LangChain Vector Store Queries

Python
LLM
OpenAI
langchain
FAISS
vector store
Vector DB retrieval using Facebook AI Similarity Search (FAISS) with OpenAI embeddings
Author

Dennis Chua

Published

July 11, 2024

Built-In Parameters of Large Language Models

Much has been said about LLM parameters and how they determine text completions. Under the hood, LLMs are made of interconnected neural network nodes organized into layers. During LLM training, the network learns from training data and weights are assigned to the connection between the nodes. Through a series of forward and back propagation, these weights are optimized to improve the LLM’s performance, enabling it to make accurate predictions. Along with the quantity and quality of the training data, plus hyperparameters that can be fine-tuned to improve the LLM performance on specific tasks, these interconnection weights represent the parameters of the LLM.

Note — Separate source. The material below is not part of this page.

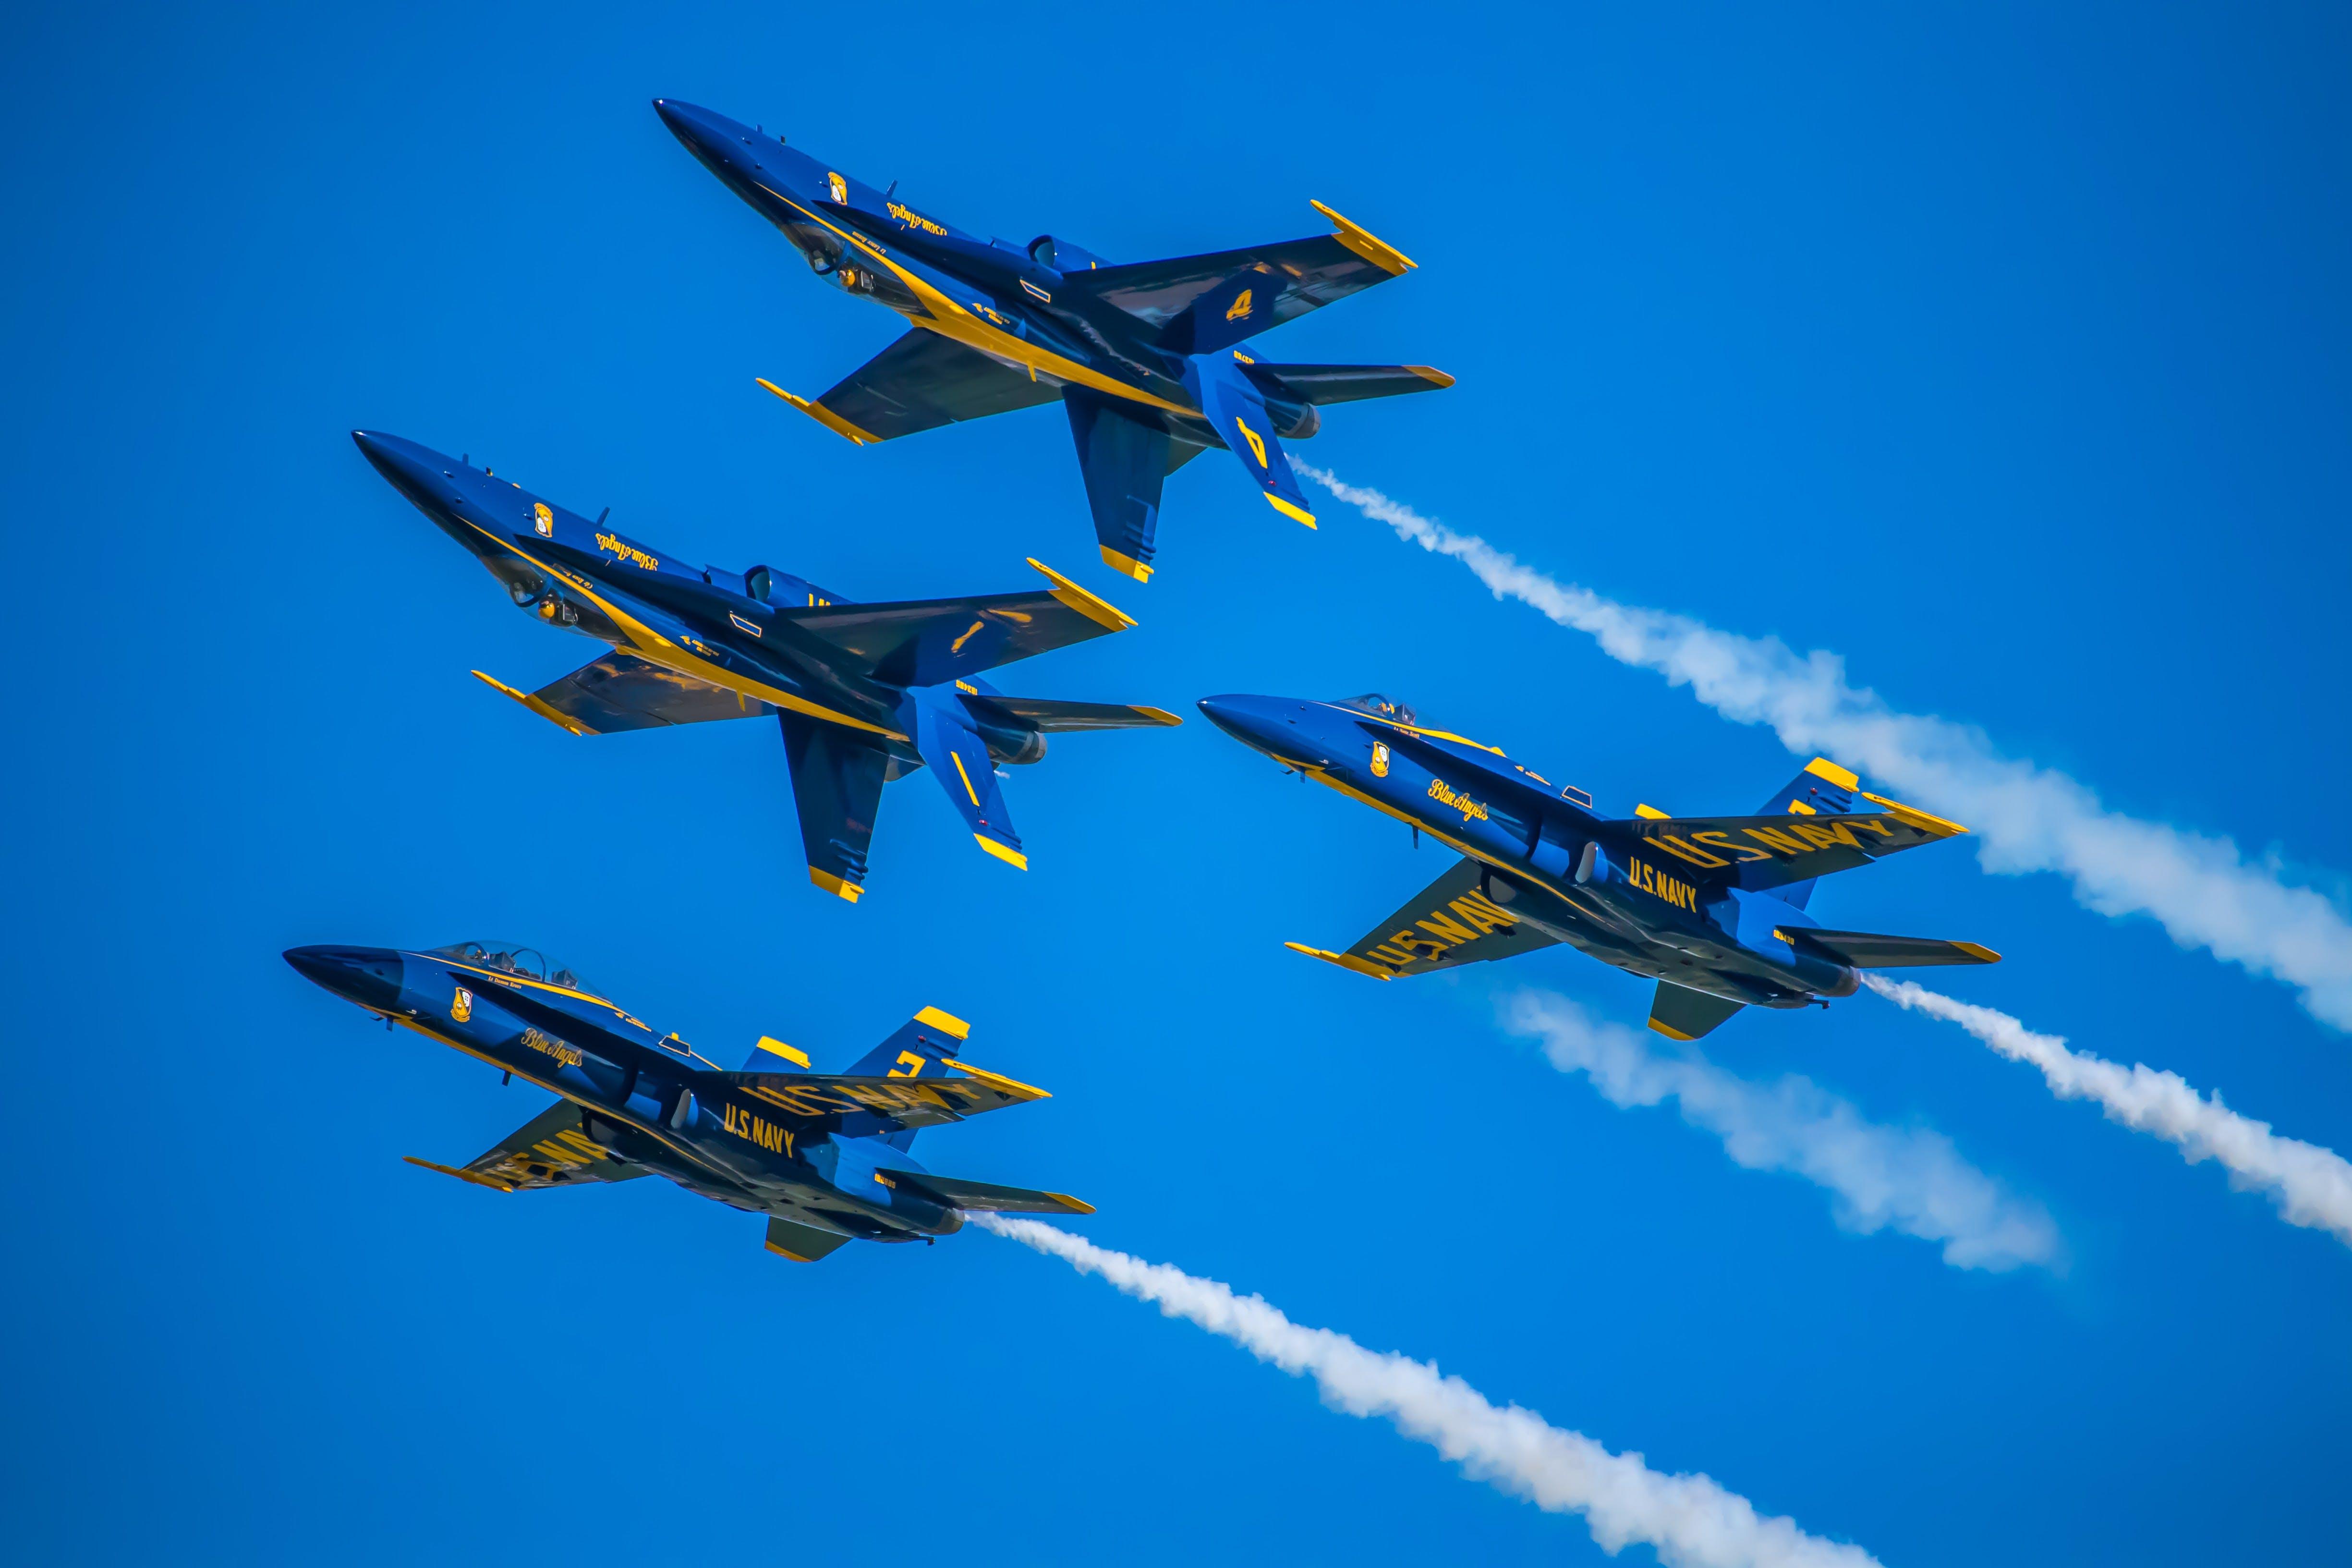 Kostenloses Stock Foto zu flug, himmel, fliegen, blauer himmel

Augmenting with Non-Parametric Knowledge

Vector stores are one way to extend a model with non-parameteric data. By means of embeddings – words, subwords and characters represented in continuous vector space – we add domain-specific information to the knowledge store of the LLM, helping it to respond to a wider range of queries with more relevant text completions.

Source: https://python.langchain.com/docs/modules/data_connection/vectorstores/

In LangChain, three embedding components come into play. All three are integrated into an embedding vector store.

  • An embedding model
  • Source data (multiple-text) embedding
  • User query (single input text) embedding

In the next section, we’ll present a working example of Python-LangChain vector store queries that illustrates each of these three components.

Vector Store Queries Using Python-LangChain

The key to extending a LLM with non-parametric knowledge lies with the embedding model of a vector store. An embedding model is a vector representation of information. In a natural language context, these numerical values capture the context and relationship of words. As part of a vector store, the embedding model re-purposes the pre-trained model by supporting the inclusion of new data sets, in this case the source and user query texts.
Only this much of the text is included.